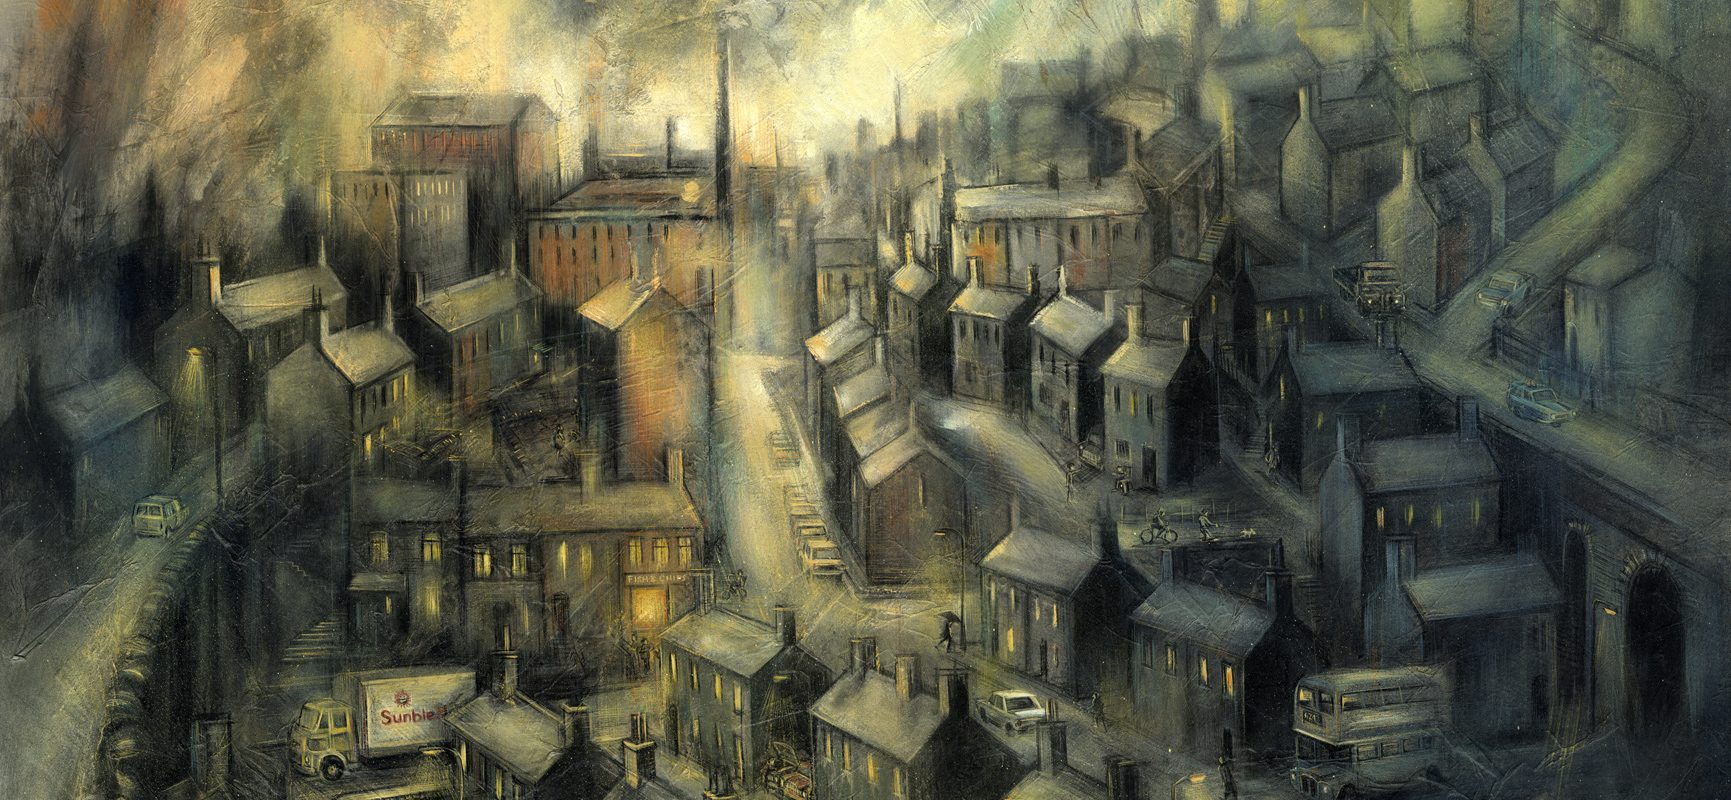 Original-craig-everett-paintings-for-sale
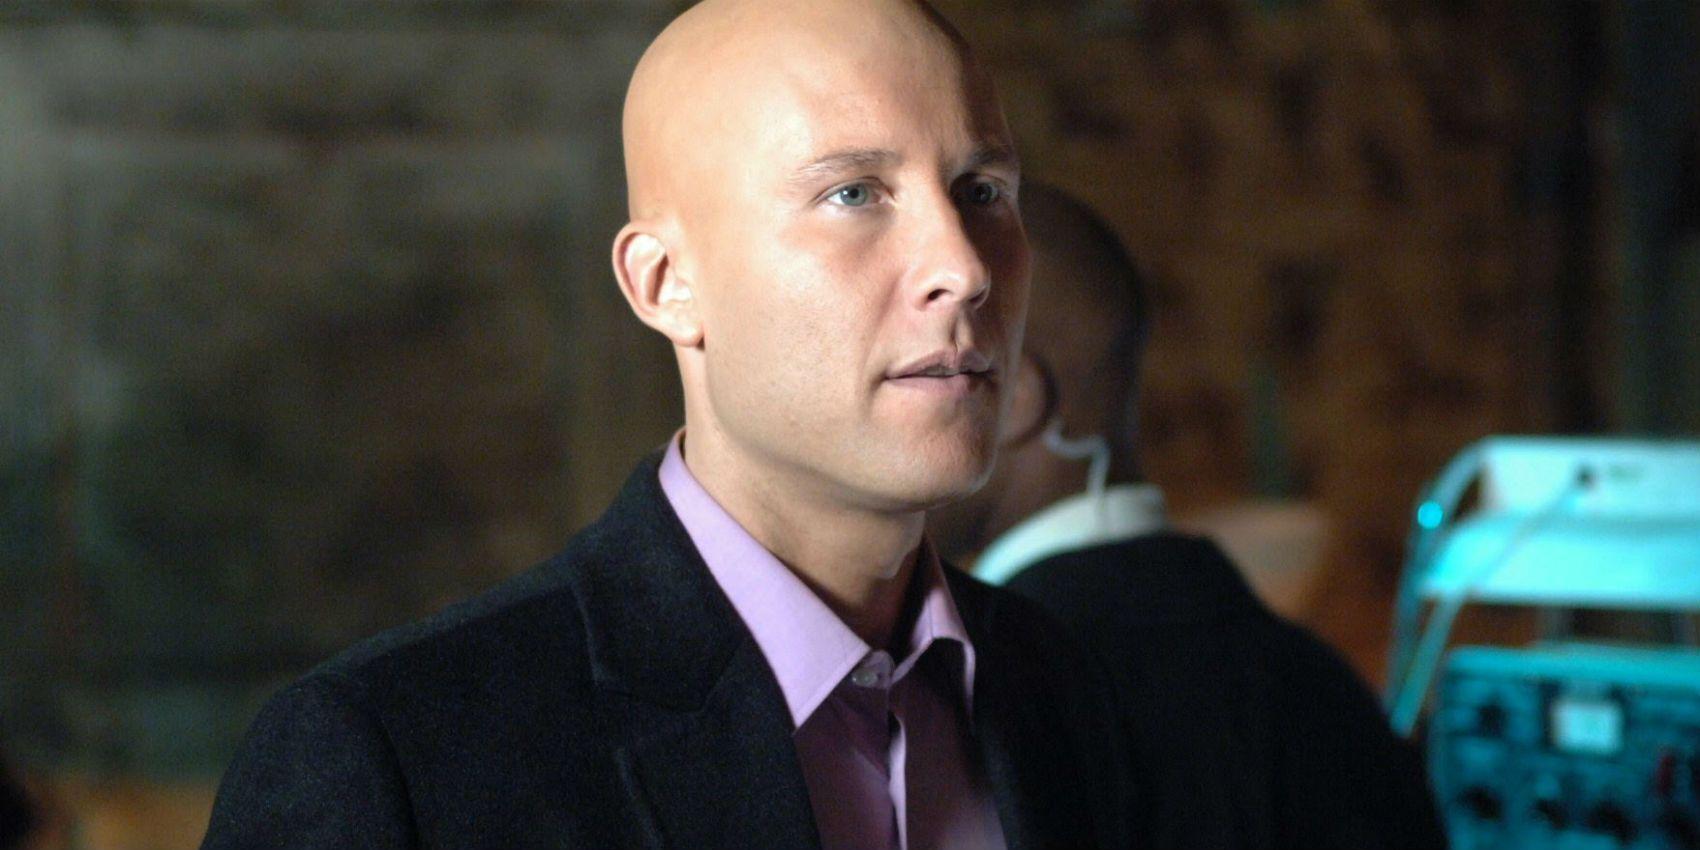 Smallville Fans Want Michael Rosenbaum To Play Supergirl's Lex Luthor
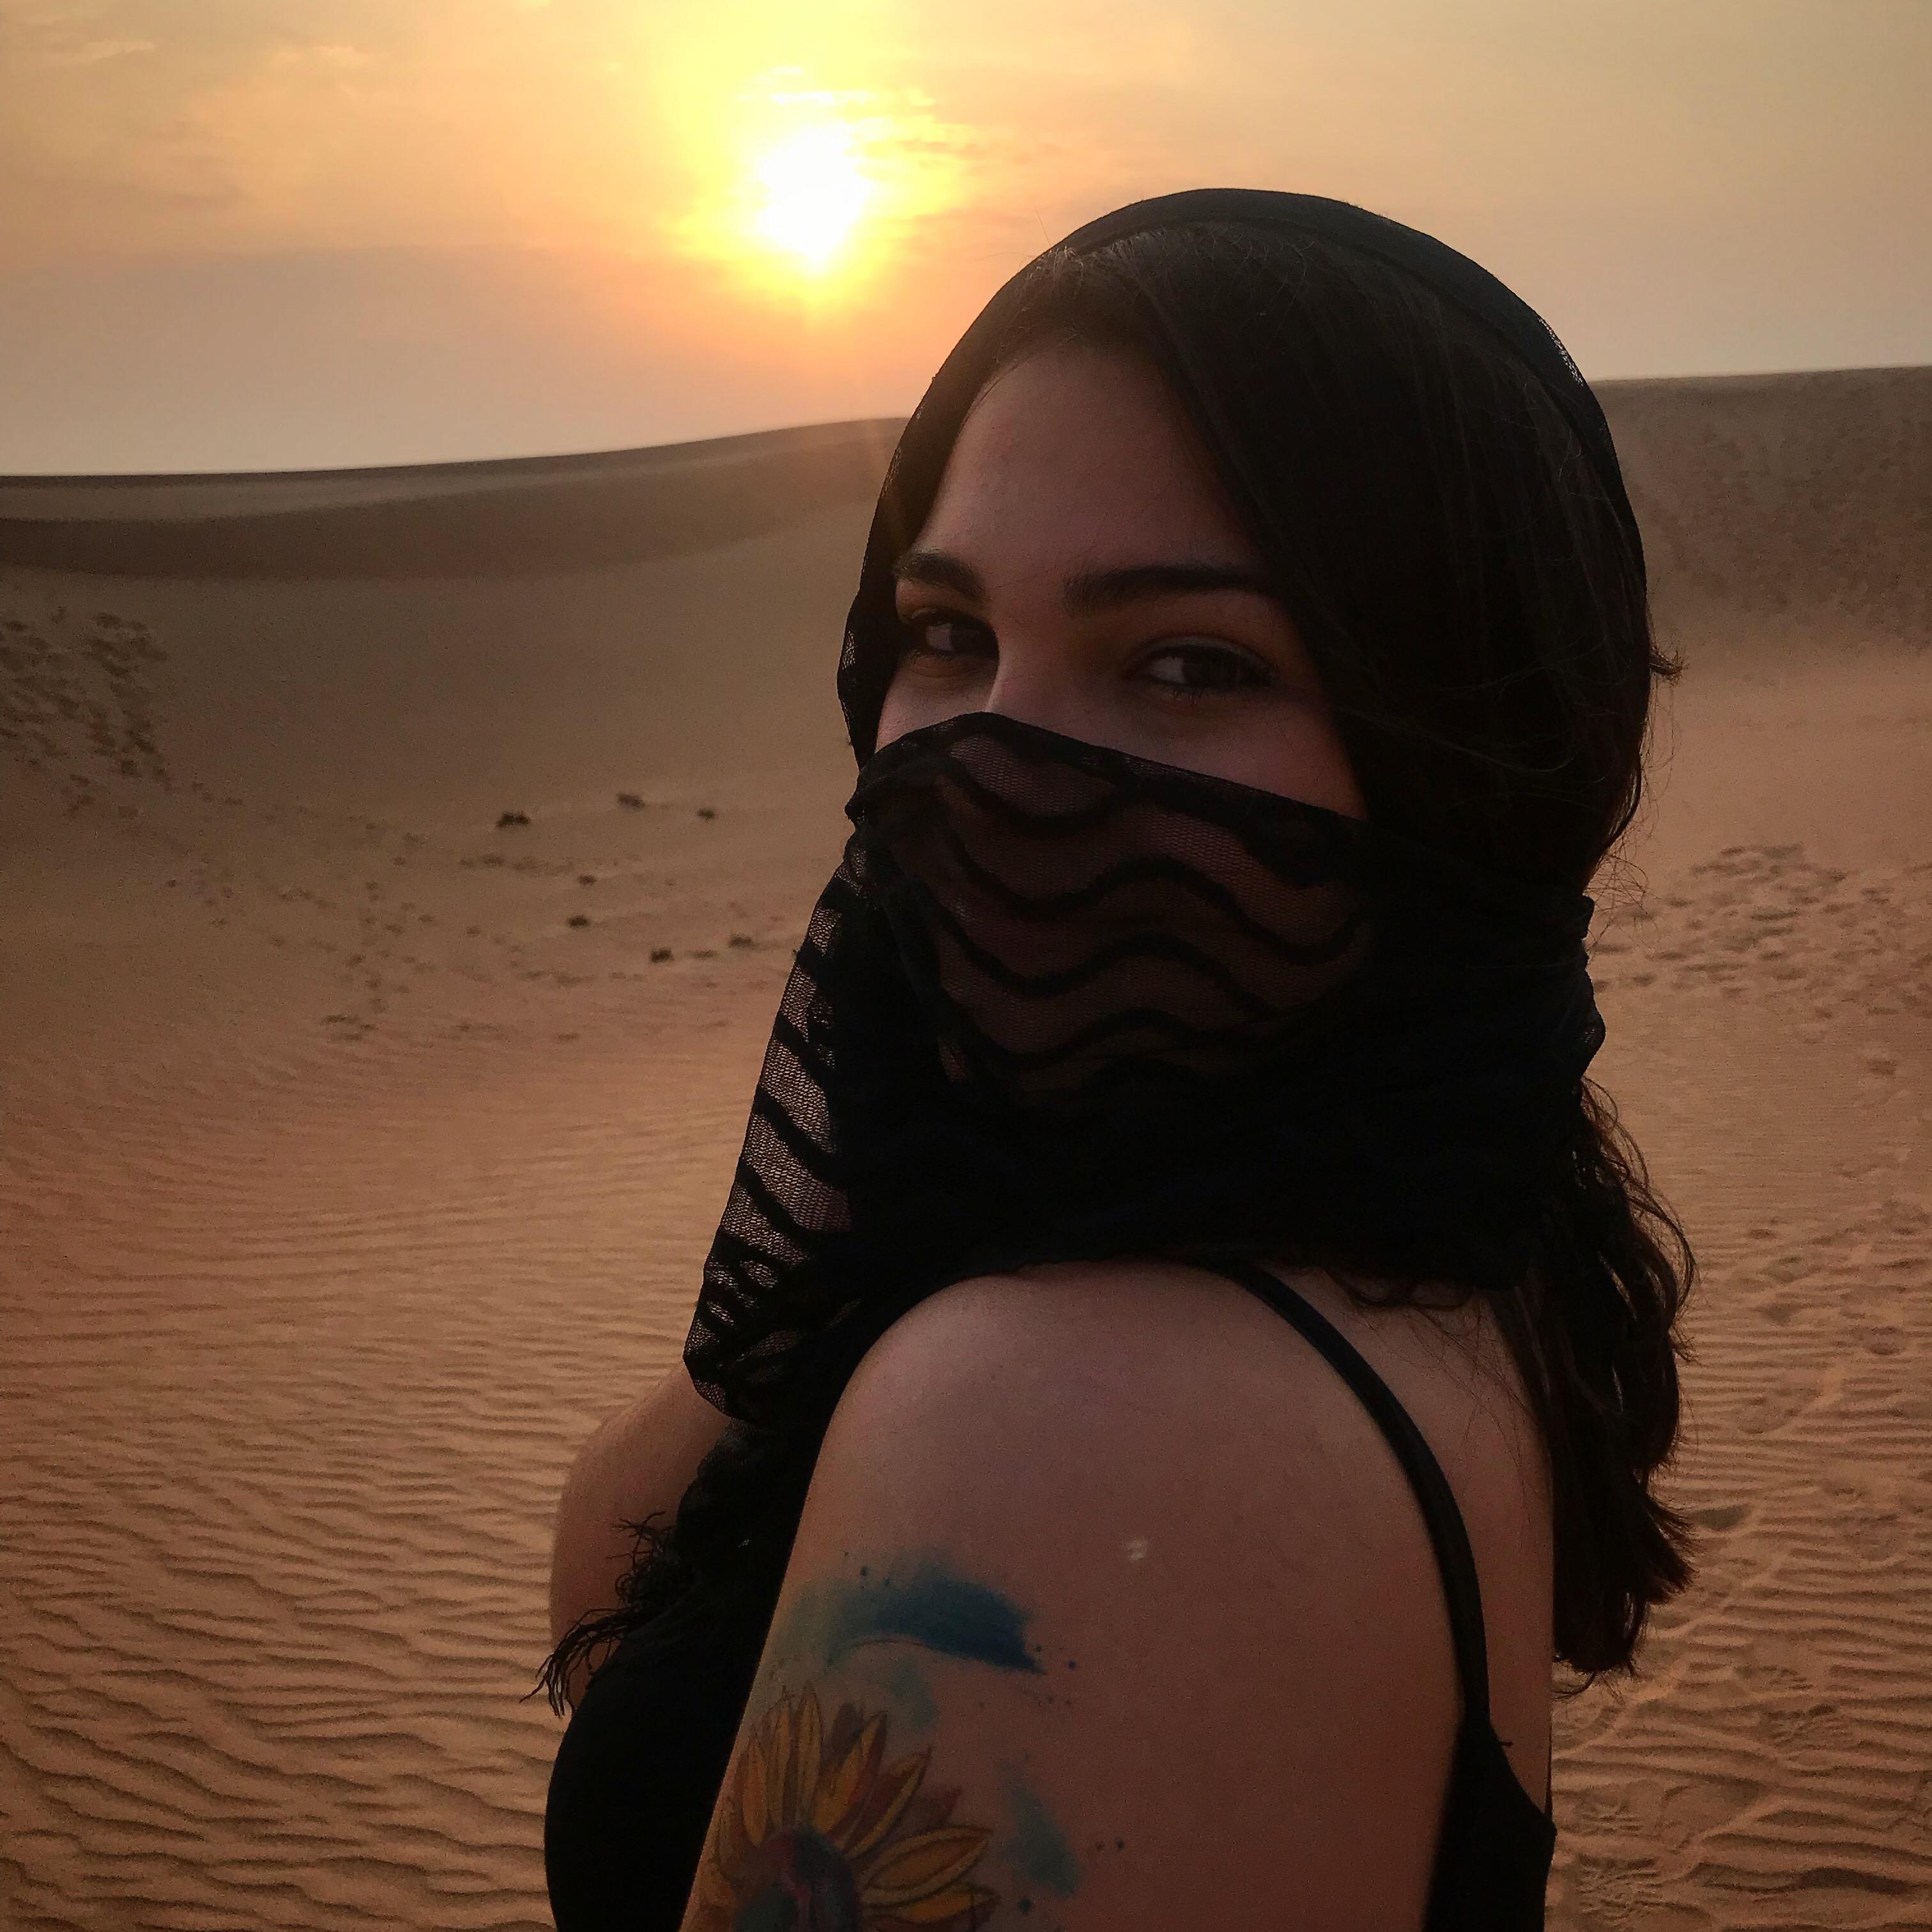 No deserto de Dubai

☆ ☆ ☆ ☆ ☆ ☆ ☆

Work required |
Copy exactly the lines that run from the line containing "Smallville Fans Want" to the end of the data, keeping both end lines and dropping every picture.

Answer box |
 Smallville Fans Want Michael Rosenbaum To Play Supergirl's Lex Luthor
 No deserto de Dubai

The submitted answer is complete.